Keywords: Clinical trial, Stroke, Gait, Cane, Rehabilitation
Abstract
Background
Canes are usually prescribed for individuals with stroke with the purpose of improving walking and increasing safety. However, there is no consensus regarding the clinical effects of these aids on walking and participation.
Objective
This study will examine the efficacy of the provision of a cane to improve walking and increase participation after stroke.
Methods
This is a two-arm, prospectively registered, randomized trial with concealed allocation, blinded measurers, and intention-to-treat analysis. Fifty individuals with chronic stroke, categorized as slow or intermediate walkers (walking speeds ≤0.8 m/s), will participate. The experimental group will receive a single-point cane and instructions to use the cane anytime they need to walk. The control group will receive a placebo intervention, consisting of self-stretching exercises of the lower limb muscles and instructions to not use assistive devices.

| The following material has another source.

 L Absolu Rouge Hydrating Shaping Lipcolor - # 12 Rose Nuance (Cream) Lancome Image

The primary outcome will be comfortable walking speed. Secondary outcomes will include walking step length, walking cadence, walking capacity, walking confidence, and participation. Outcomes will be collected by a researcher blinded to group allocation at baseline (Week 0), after intervention (Week 4), and one month beyond intervention (Week 8).
Conclusion
The provision of a single-point cane may help improving walking of slow and intermediate walkers after stroke. If walking is enhanced, the benefits may be carried over to participation, and individuals may experience greater free-living physical activity at home and in the community.

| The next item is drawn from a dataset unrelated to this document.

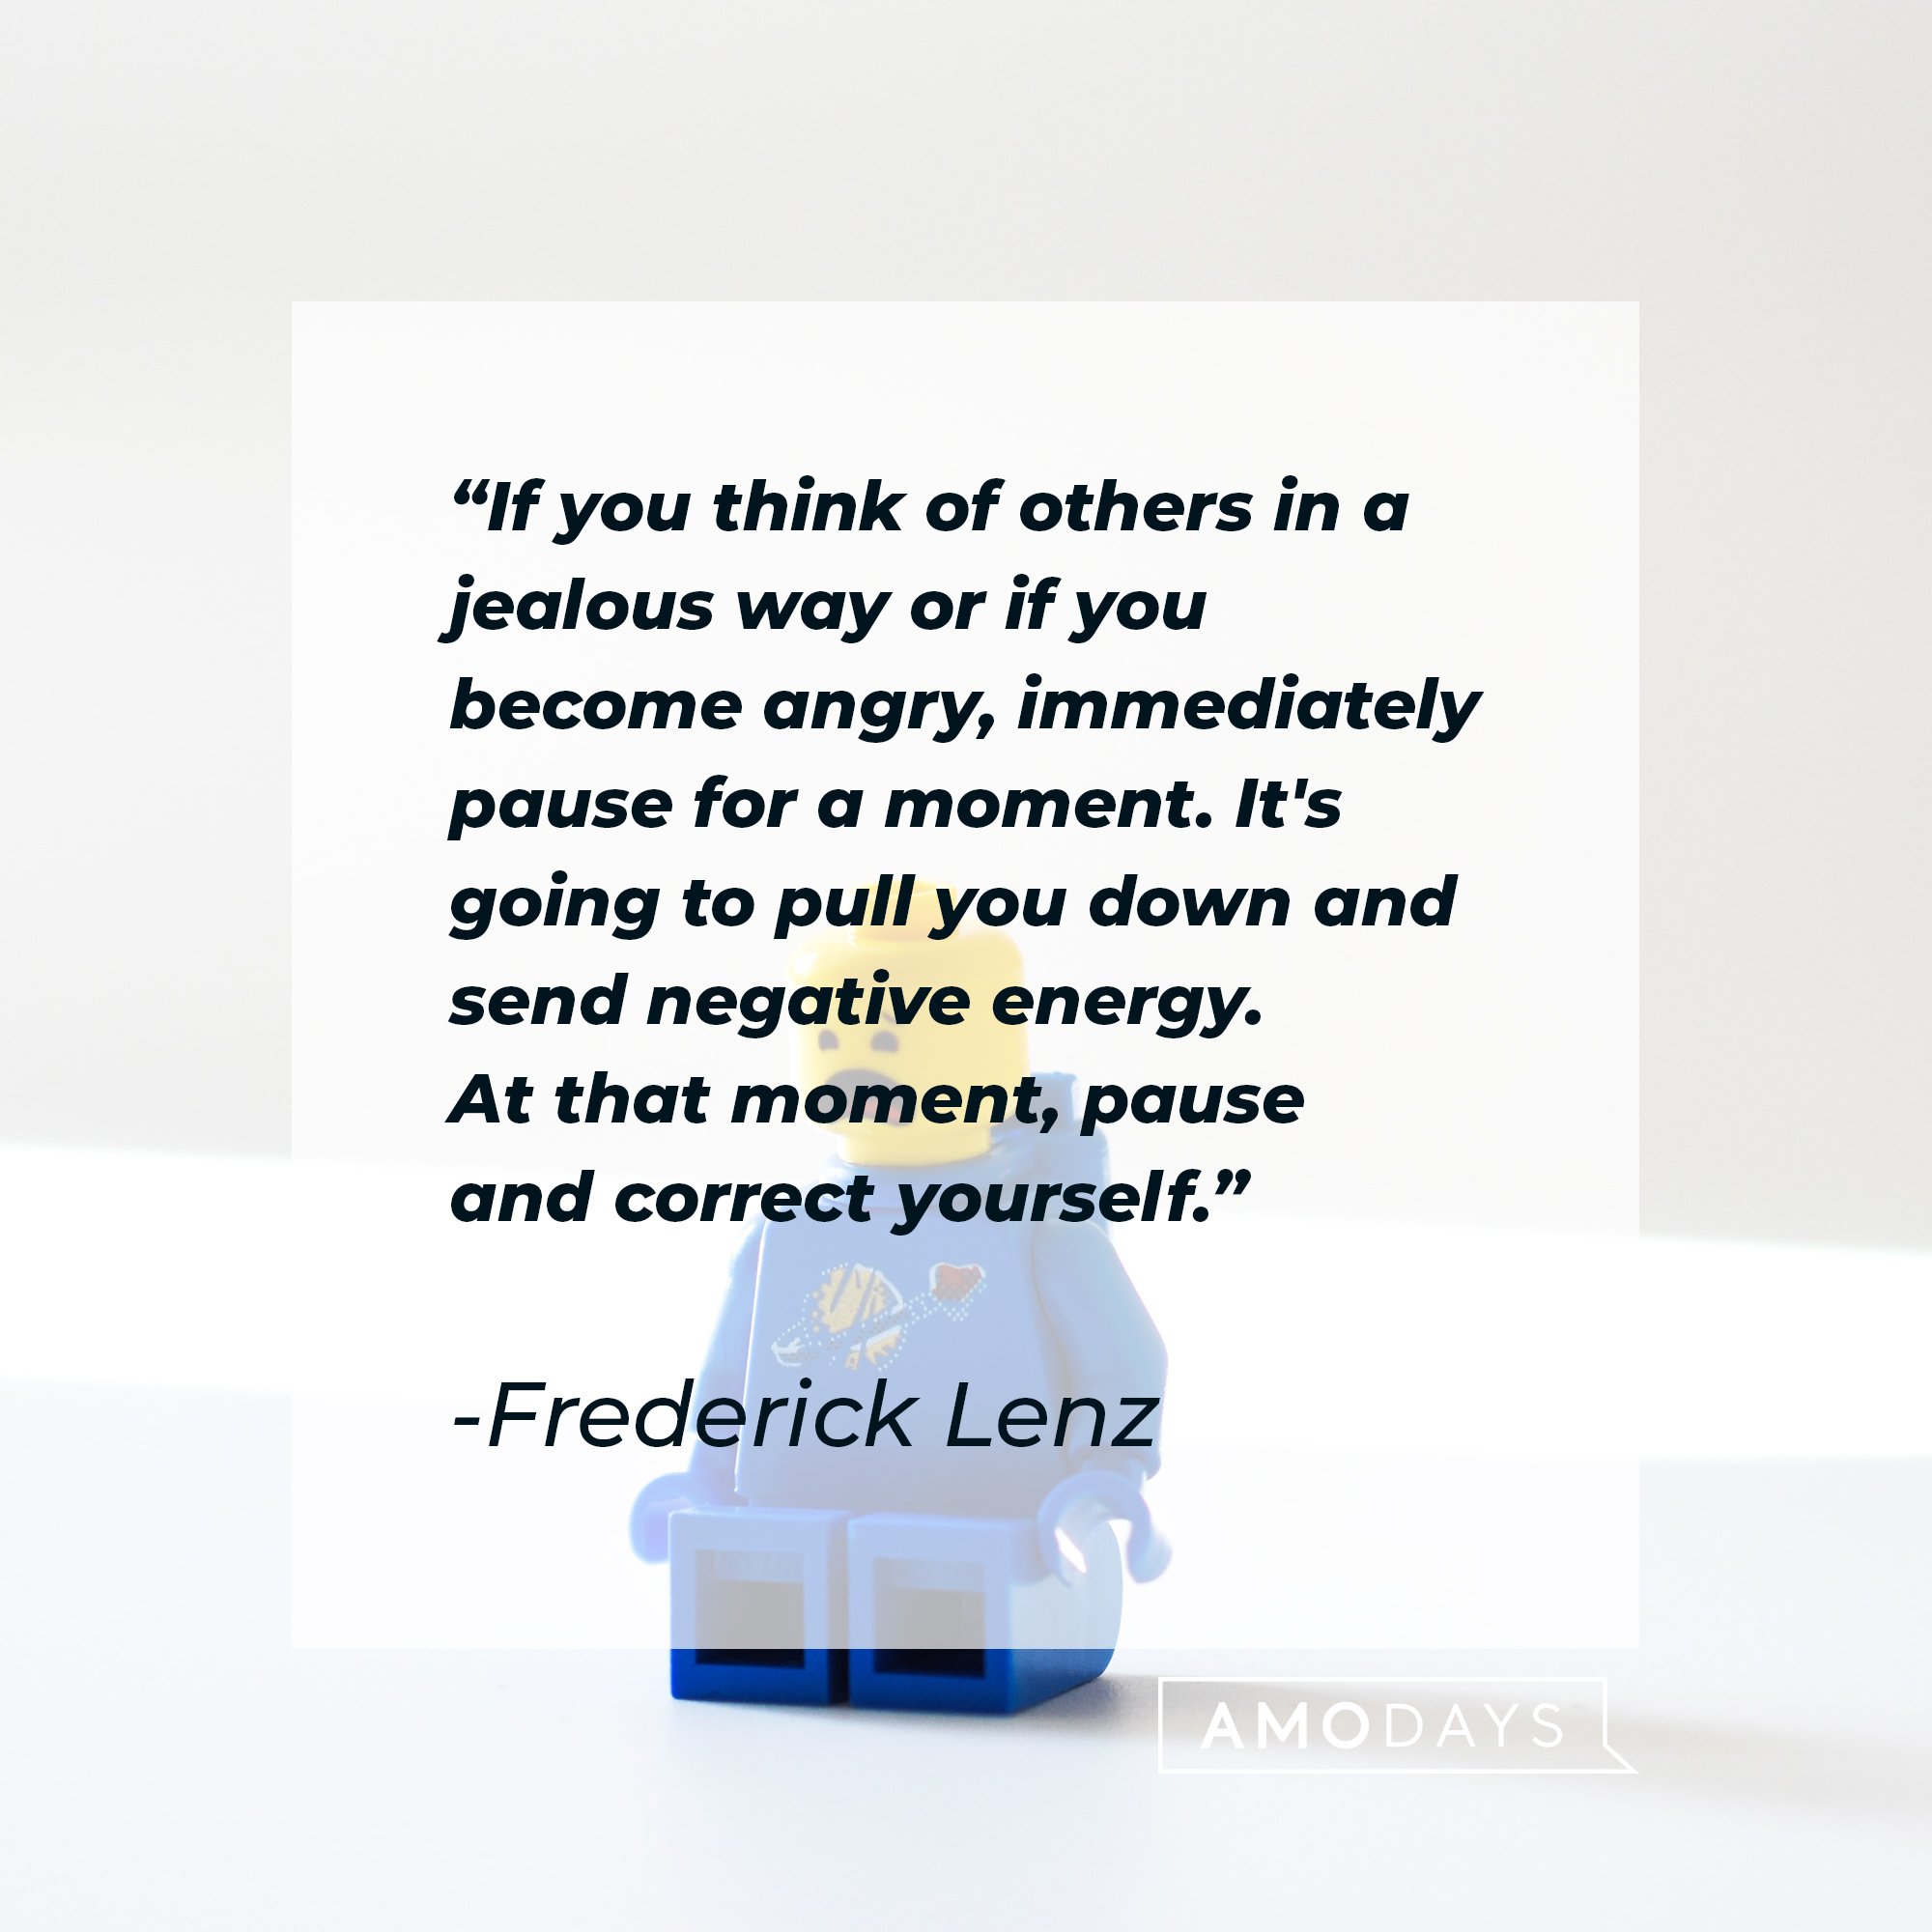 Frederick Lenz’ quote: If you think of others in a jealous way or if you become angry, immediately pause for a moment. It's going to pull you down and send negative energy. At that moment, pause and correct yourself.” | Image: AmoDays

Introduction and rationale
Stroke is the leading cause of adult disability worldwide.1 Amongst the limitations in daily living activities, the ability to walk is reported by patients as the most important activity to recover after a stroke.2, 3 In addition, higher walking ability is related to greater independence and social participation; both performance and capacity of walking have been shown to predict participation.4 Thus, recovery of walking after stroke is one of the most important goals in neurological rehabilitation.5
Assistive devices, such as canes and crutches, are usually prescribed for individuals after stroke with the purpose of improving walking and increasing safety.6 Previous studies have examined the effects of assistive devices on walking parameters in individuals with stroke.7, 8, 9, 10, 11 The results suggested that assistive devices increase step length8 and comfortable and maximum walking speeds,7, 11 decrease cadence,7 and improve walking symmetry.9 No significant changes in maximum joint angles7 or trunk movements10 have been found. A narrative review12 summarized the effects of using a cane on walking in people with stroke. Although 19 experimental studies were included, methodological shortcomings, such as the absence of randomized trials and the predominance of cross-sectional studies with small samples (n < 20 participants), prevent the drawing of convincing conclusions regarding the effects of using a cane on walking. In addition, many of these studies included participants, who had been habitually using a cane, so that the magnitude of the benefits may have been overestimated.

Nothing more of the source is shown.